Input data:
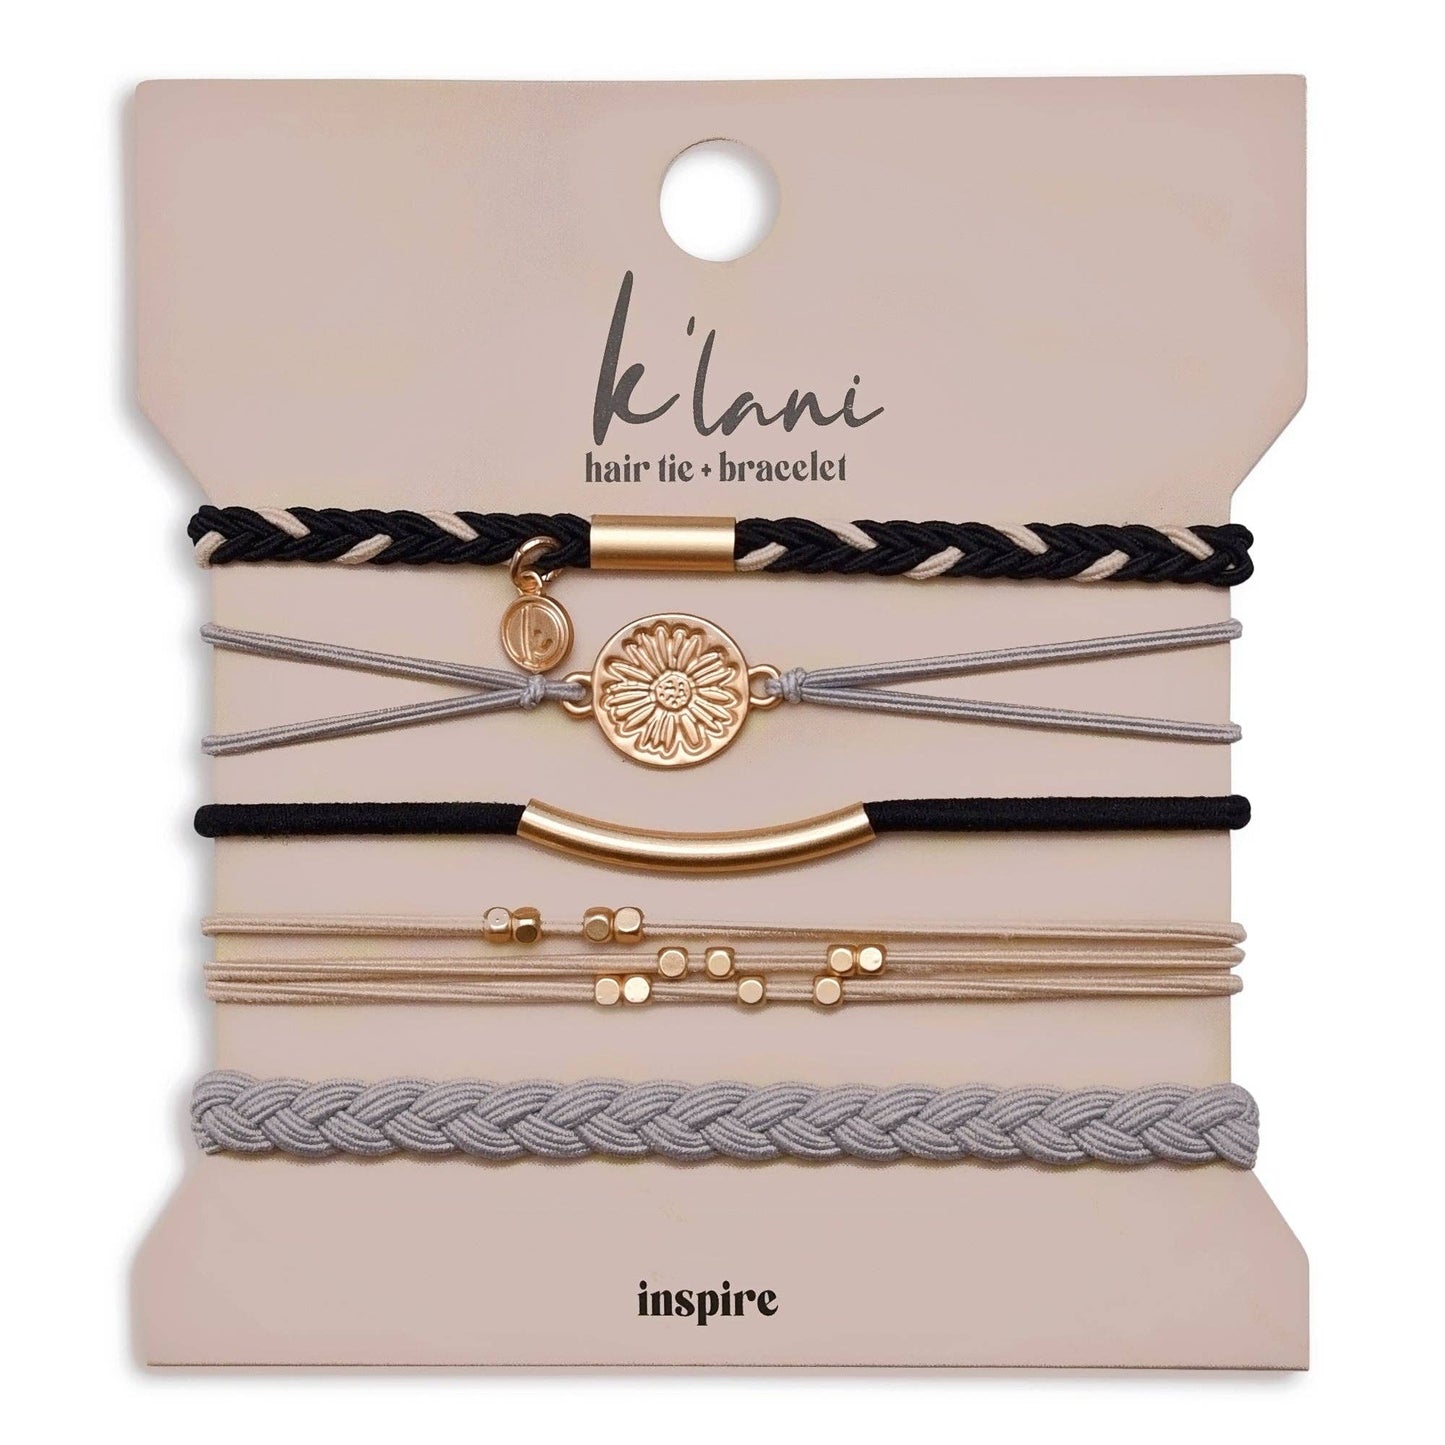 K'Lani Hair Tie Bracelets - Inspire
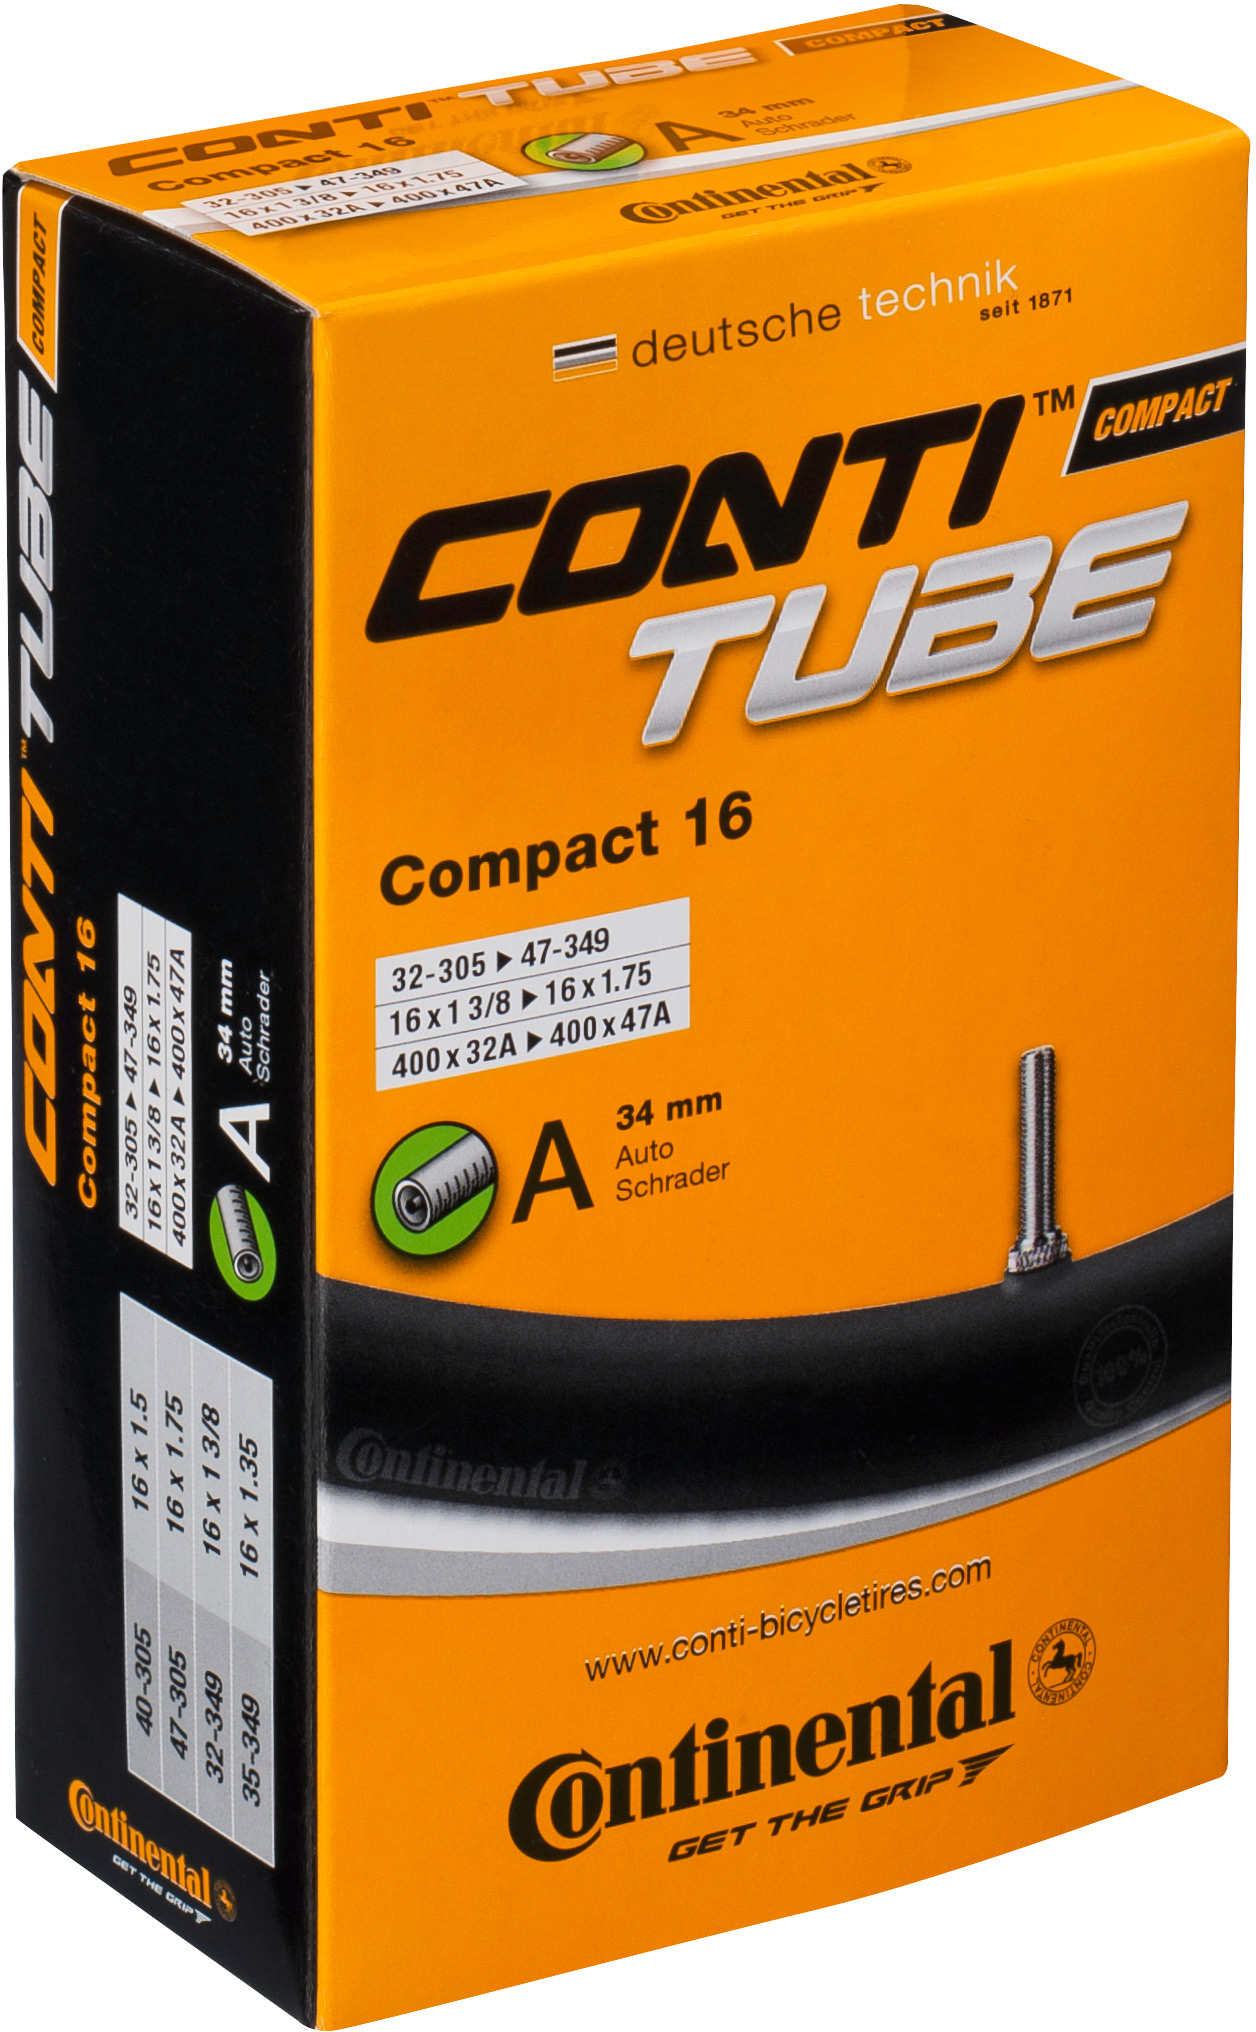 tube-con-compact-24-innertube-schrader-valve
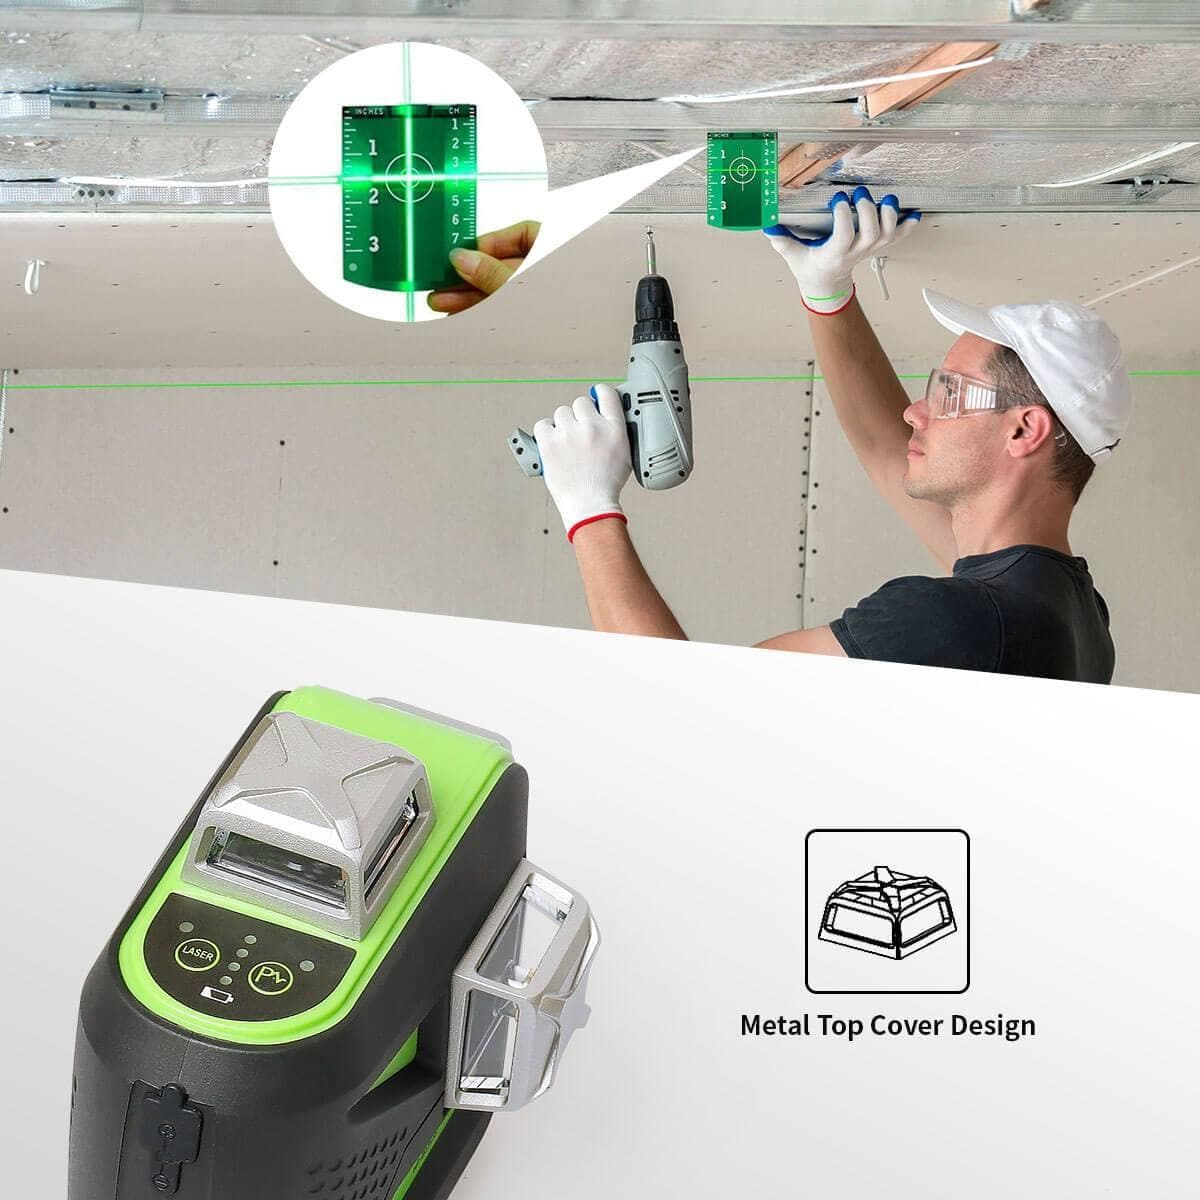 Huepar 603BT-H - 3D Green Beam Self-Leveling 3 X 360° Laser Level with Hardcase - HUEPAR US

The task: Return the whole of the material above exactly, with no picture carried over.

Exercise output:
 K'Lani Hair Tie Bracelets - Inspire
 tube-con-compact-24-innertube-schrader-valve
 Huepar 603BT-H - 3D Green Beam Self-Leveling 3 X 360° Laser Level with Hardcase - HUEPAR US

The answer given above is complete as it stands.